More news organizations are suing OpenAI for copyright infringement

OpenAI is in its lawsuit era.
 By 
Cecily Mauran
 on 
glowing OpenAI logo on a dark wall with the silhouette of a person partially blocking it
The copyright lawsuits against OpenAI are piling up. Credit: Getty Images

Add more copyright lawsuits levied against OpenAI to the growing pile.

On Wednesday, news organizations the Intercept, Raw Story, and AlterNet filed lawsuits against OpenAI for copyright infringement in the Southern District of New York. The Intercept also includes Microsoft in the lawsuit, whose tool Copilot uses OpenAI's model GPT-4. The lawsuits allege OpenAI (and Microsoft in the case of The Intercept) violated the Digital Millennium Copyright Act, which prohibits online service providers from removing copyright information from digital content.

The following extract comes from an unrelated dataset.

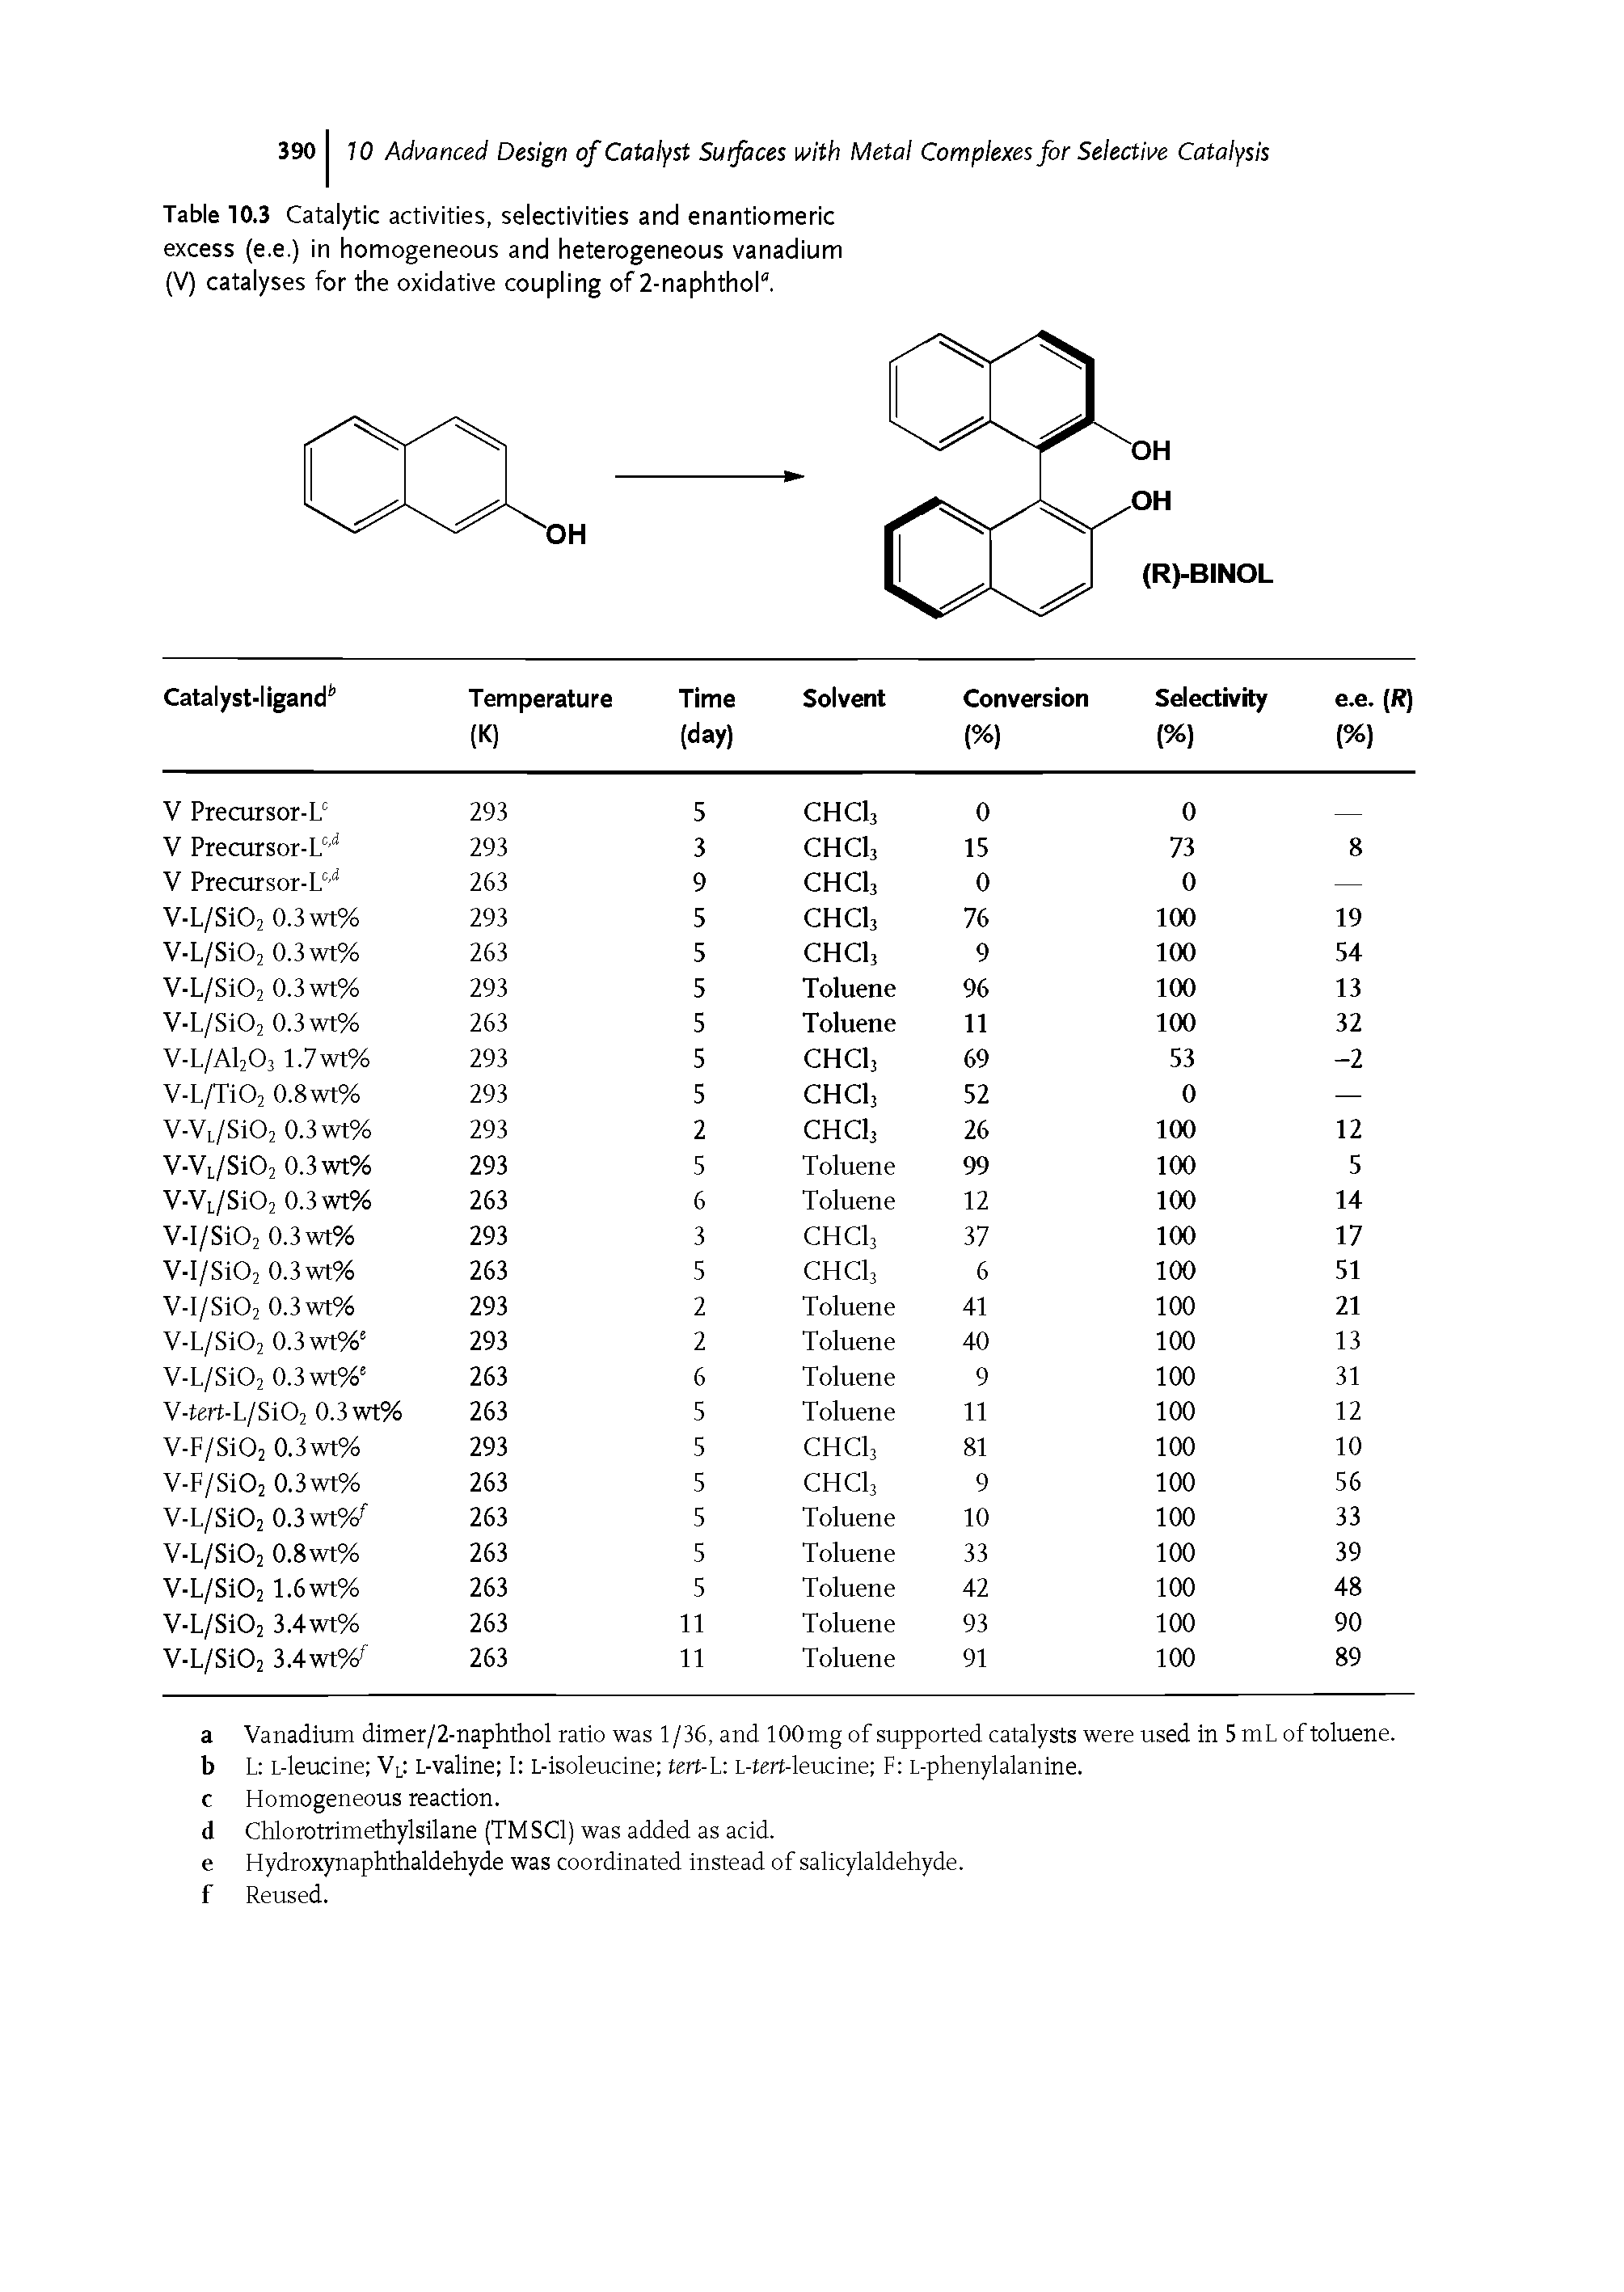 Table 10.3 Catalytic activities, selectivities and enantiomeric excess (e.e.) in homogeneous and heterogeneous vanadium (V) catalyses for the oxidative coupling of 2-naphthol .
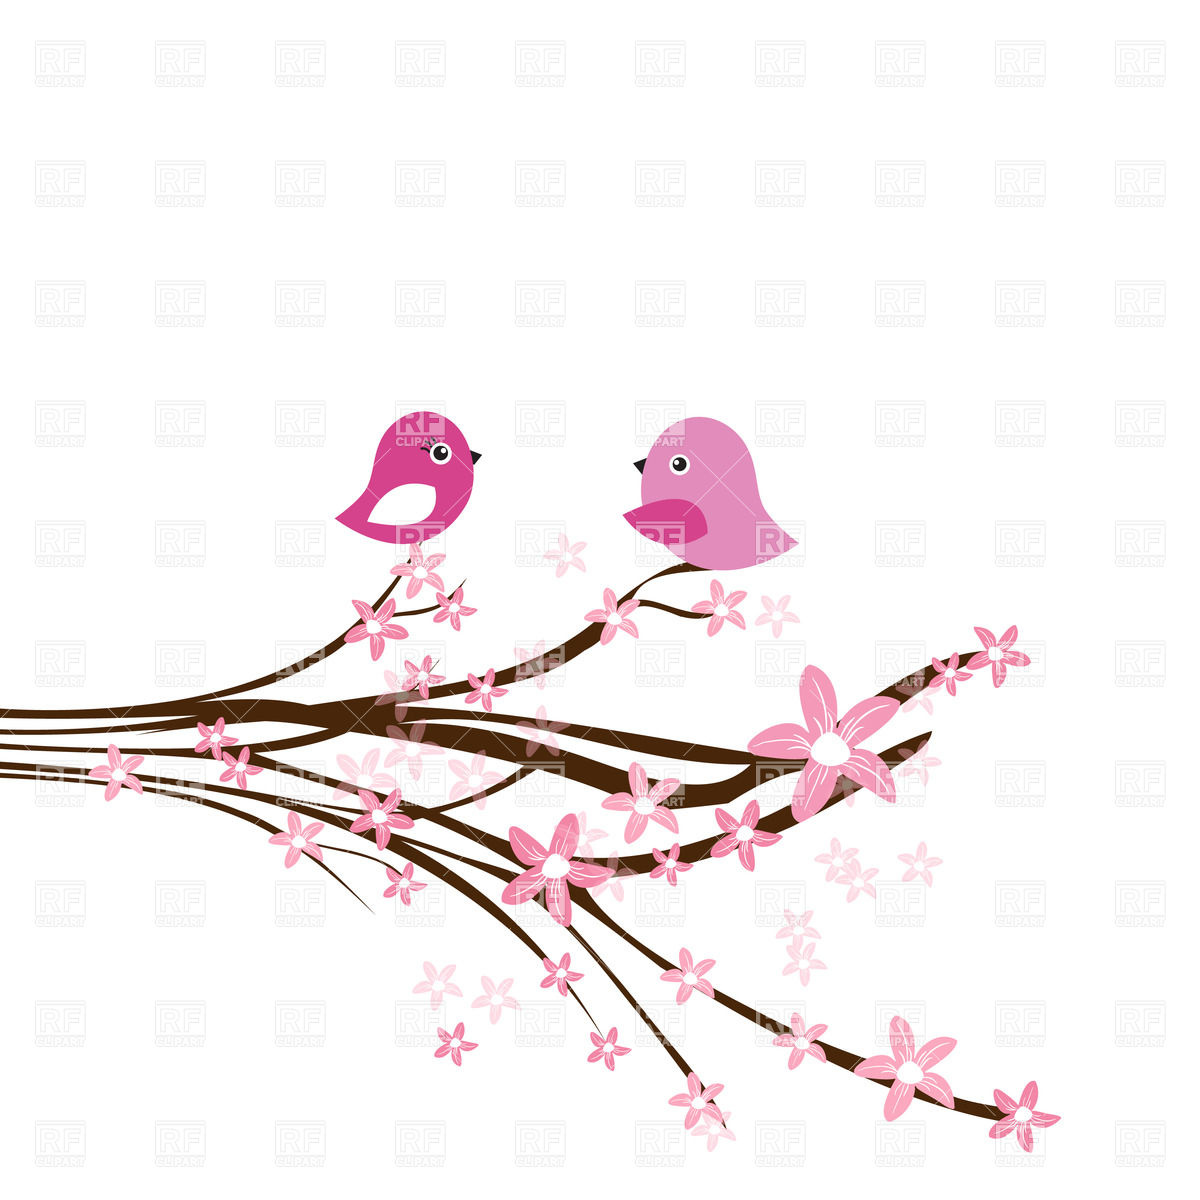 Cherry Blossom Branch With Two Cute Pink Birds Download Royalty Free

ChatGPT's ability to provide informed, conversational responses was built on the backs of human-created content scraped from the web through datasets like Common Crawl and OpenAI's WebText and WebText 2. A December lawsuit by the New York Times against OpenAI and Microsoft claimed ChatGPT plagiarized verbatim texts from its stories, without credit or compensation. Similarly, in August 2023, class-action lawsuits were filed against Google and OpenAI for using individuals' personal data to train the model.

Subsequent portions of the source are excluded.